Intriguingly, over the past 6-12 months, there has been a marked improvement in the bond spreads of these nations. The premium that investors demand to opt for their bonds over those of the United States has experienced a significant reduction. While this bodes well for their prospects, the critical question remains: can these countries, grappling with stretched finances and imminent bond repayments, seize the opportune moment to regain market access?
According to astute analysts at Morgan Stanley, the spotlight falls on prime contenders Angola, Kenya, Nigeria, and El Salvador. These nations, with an appetite for debt yielding around 10%, are poised to test the market’s risk threshold. The analysts note, “While 10% would be expensive (for borrowing countries) versus history, alternative funding options are not always there.” In a nod to the credit-positive potential, the analysts express optimism that market entry could bring significant benefits.
The imperative for these countries is to secure borrowing rates deemed manageable—a threshold traditionally set below 10%, at a bare minimum.
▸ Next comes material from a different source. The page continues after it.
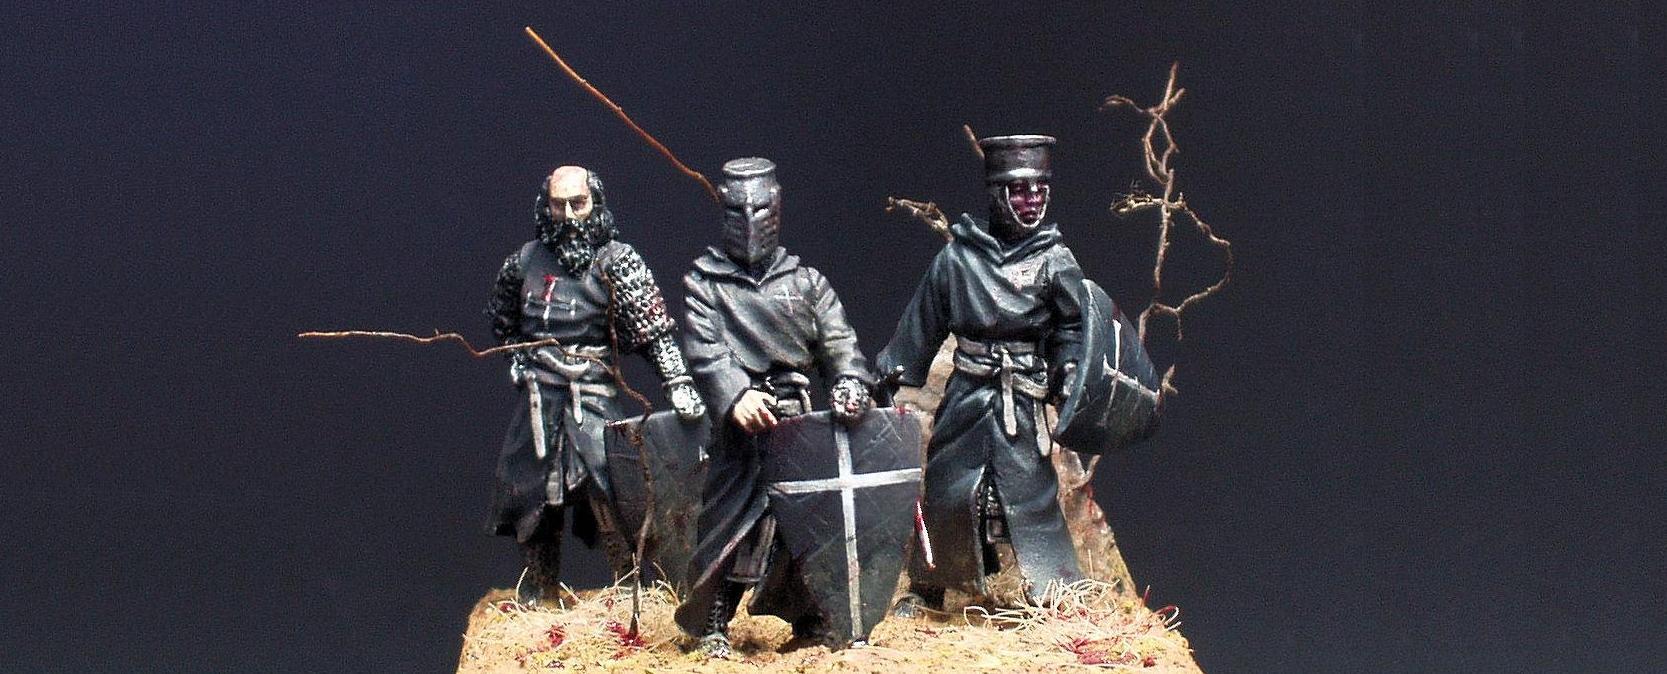 Valdemar Miniatures 25mm Medieval Figures wargaming.info

This imperative arises from the need to avert the kind of crises witnessed by Zambia and Sri Lanka in recent years. Against this backdrop, Kenya emerges as a potential litmus test, with a $2 billion bond maturing in June.
IMF Support and Debt Refinancing – Triumph or Default?
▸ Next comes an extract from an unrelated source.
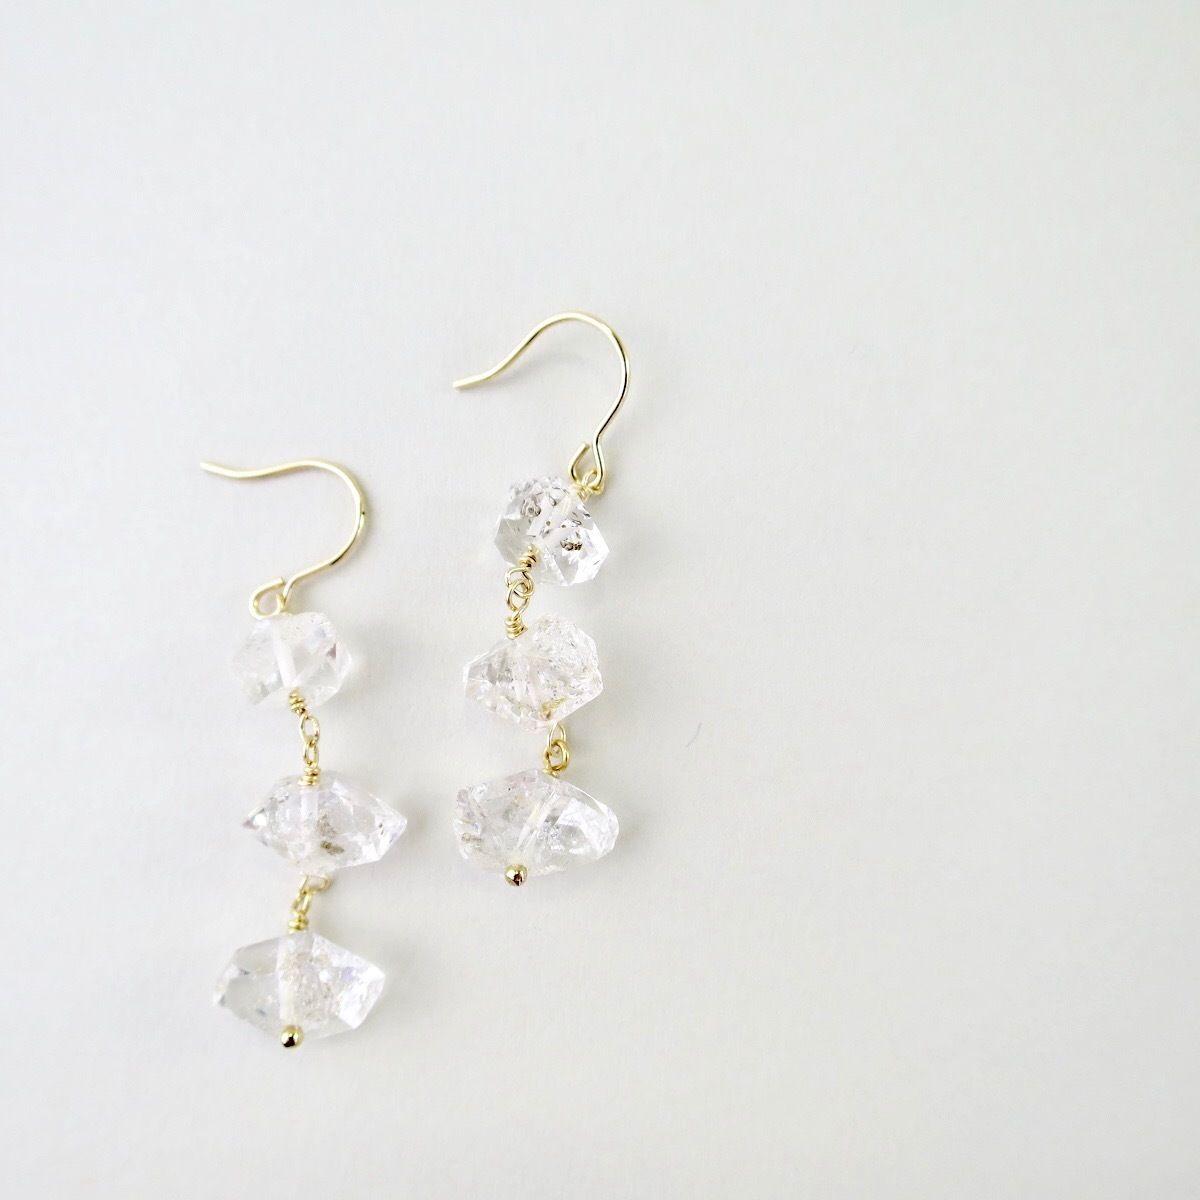 Herkimer diamond  3 Grains Hook Pireced earrings【14kgf】

In the intricate dance of global finance, Egypt emerges as a central figure seeking additional support from the International Monetary Fund (IMF), a move intricately intertwined with the ambitious goal of refinancing approximately $25 billion in external debt this year. This financial maneuvering unfolds against a backdrop where nearly three-quarters of investors, as per a recent Citi poll, perceive Egypt as a substantial default risk in the looming years.
Viktor Szabo, a discerning portfolio manager at Abdrn, cautions that the market might not be ripe for the riskier countries at this juncture. However, a flicker of optimism arises as the benchmark ten-year U.S. bond yield, a pivotal metric, slips below the 4% threshold once again. This notable development occurs despite unexpectedly robust inflation figures reported on Thursday, injecting a glimmer of hope into the complex financial landscape.
The real intrigue lies in Egypt’s delicate balancing act—a quest for additional IMF support intertwining with the formidable task of refinancing a colossal external debt. The stakes are high, with a prevailing sentiment among investors that Egypt hovers on the precipice of a significant default risk in the near future. Szabo’s cautious stance mirrors the prevailing skepticism in financial circles regarding the readiness of the market for ventures into riskier territories.
Yet, against the backdrop of economic uncertainty, a subtle shift is perceptible. The crucial U.S. bond yield, a harbinger of financial tides, exhibits a resilience that defies expectations. The breach of the 4% threshold serves as a symbolic beacon, suggesting a potential opening for nations navigating the treacherous waters of financial restructuring.